Though to be fair the research now is indicating that Cod Liver Oil is better for joints - I asked my vet about giving my dog the human version but he was adamant I shouldn;t due to the Vitamin A - my dog has liver issues - the alternative is a krill oil made by Vets plus I think


----------



## Wilmer (Aug 31, 2012)

Microlactin is a supplement to help with joint pain and has an anti-inflammatory action. Bearing that in mind, I don't think it would be worth taking as a preventative, only for a person/dog who already has joint problems.


----------



## Bellaboo1 (Aug 10, 2011)

Hi I use Joint Aid granules for my greyhound who has arthritis in her back legs I have noticed a remarkable difference in her mobilty since she has been having it, I just add it to her food


----------



## lisa0307 (Aug 25, 2009)

LINK: Glucosamine & Chondroitin Tablets for Dogs - Dorwest

LINK: Joints and Mobility - Dorwest


----------



## Hollys (Jul 15, 2013)

Many thanks to all for your informative advices!


----------



## Wilmer (Aug 31, 2012)

One more thing, get a vet to advise you on the appropriate dose of glucosamine for your size of dog (if you use a supplement with it in). Excessive doses in humans have been linked to pancreatic damage - possibly leading to diabetes.


----------



## Hollys (Jul 15, 2013)

Wilmer said:


> One more thing, get a vet to advise you on the appropriate dose of glucosamine for your size of dog (if you use a supplement with it in). Excessive doses in humans have been linked to pancreatic damage - possibly leading to diabetes.

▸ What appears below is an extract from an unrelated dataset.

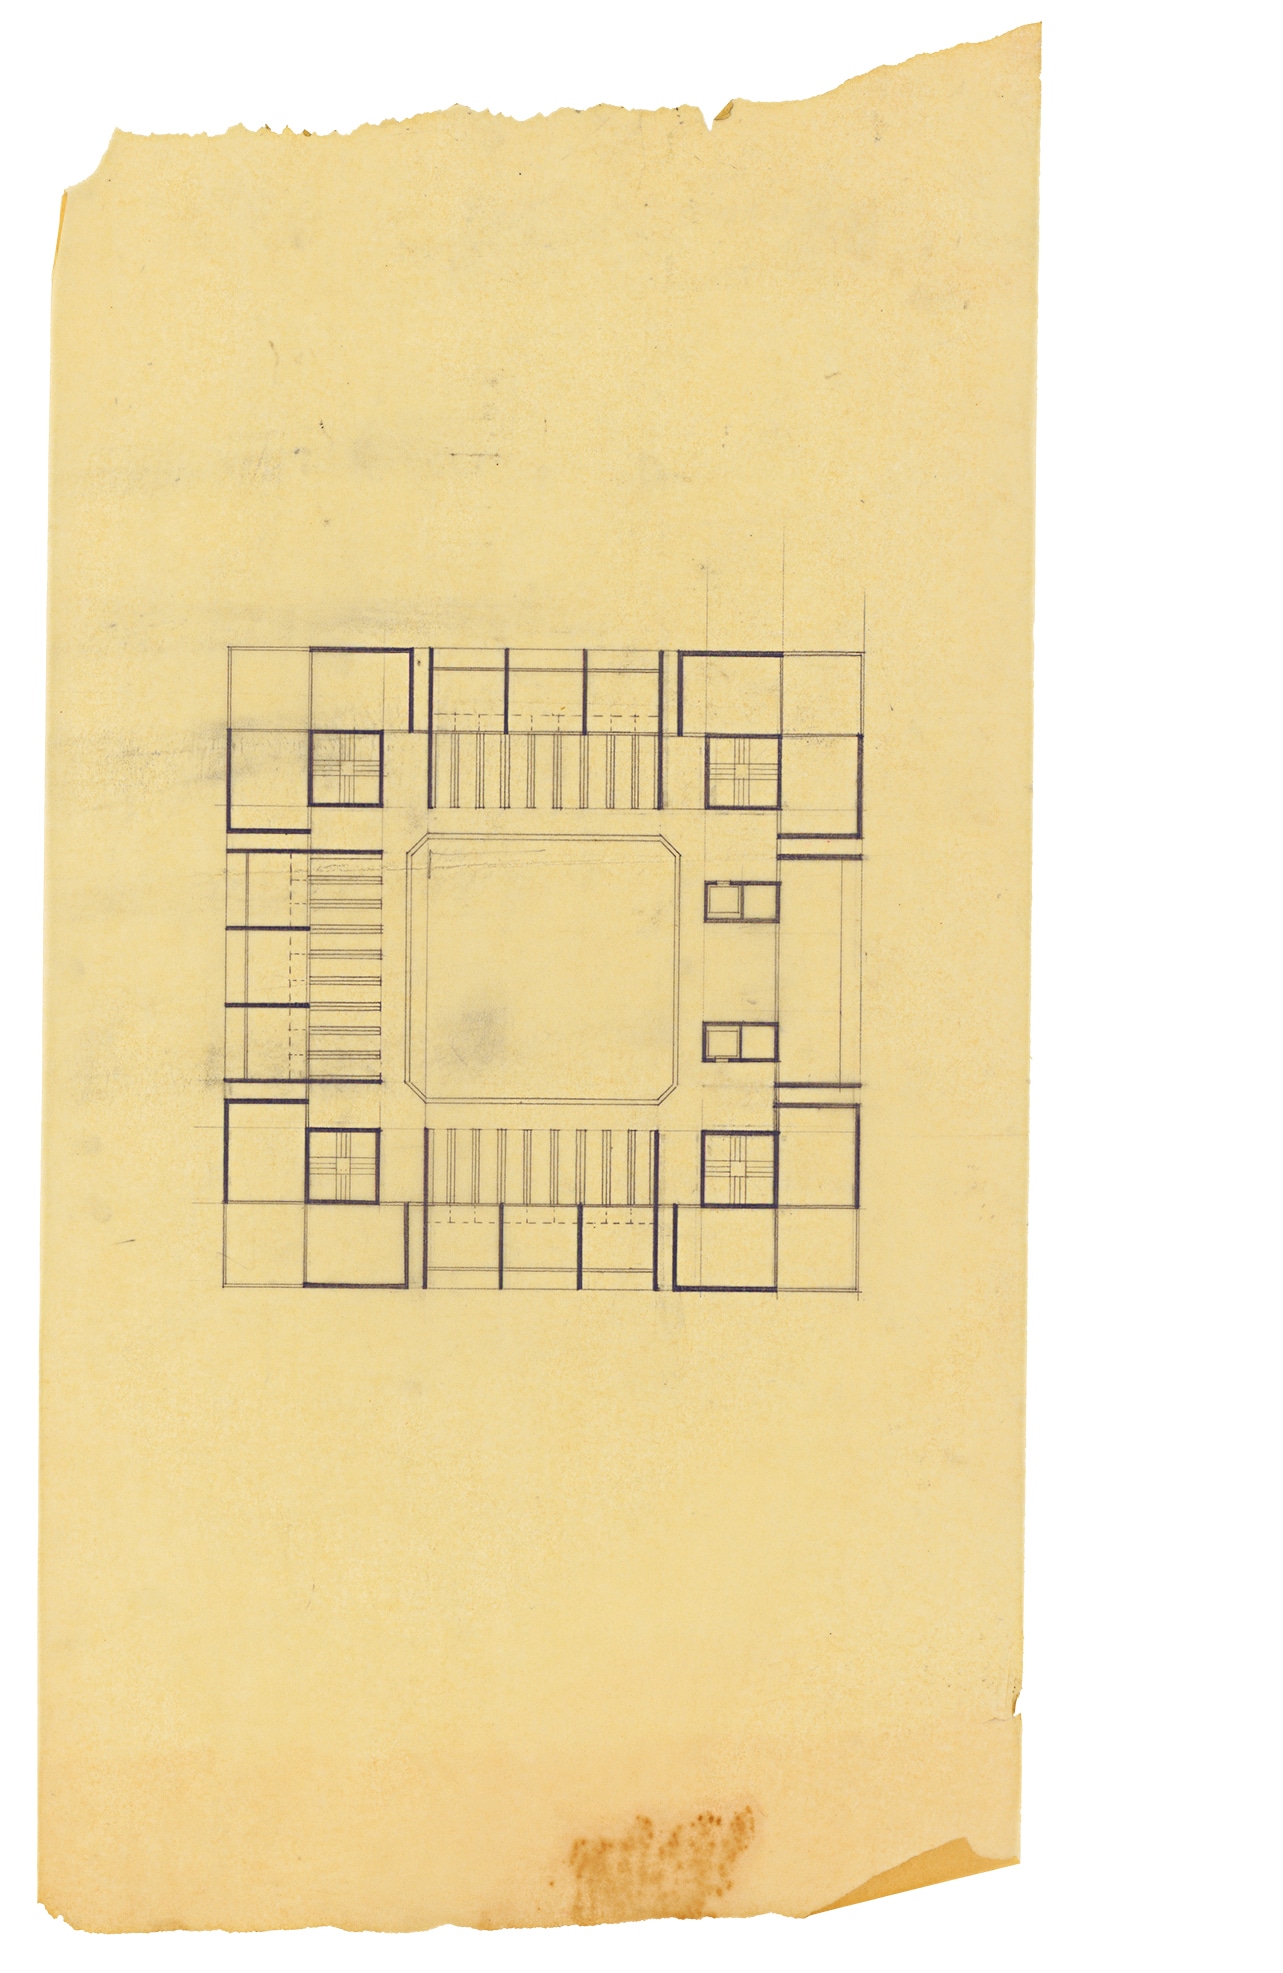 Review of 'The Evolution of a Building Complex: Louis I. Kahn's

Thanks Wilmer. We live in China at the moment due to job relocation, and frankly speaking, vets here aren't as knowledgeable as you may think. He gave our Holly her 3rd Vanguard plus 8 and the rabies vaccines both at the same time (which is pretty much standard here), which a friend of mine back in the UK, who's also an experienced dog owner, said the two should never be given simultaneously. So, we'll probably seek advices elsewhere. Thanks again.


----------



## blackcatowner (Jul 19, 2013)

Hi 

I would recommend Seraquin with Glucosamine & Chondriton for dogs 2g Tablets 60 tablets

It does what it says on the box 
I have gave them to may old dog for years. 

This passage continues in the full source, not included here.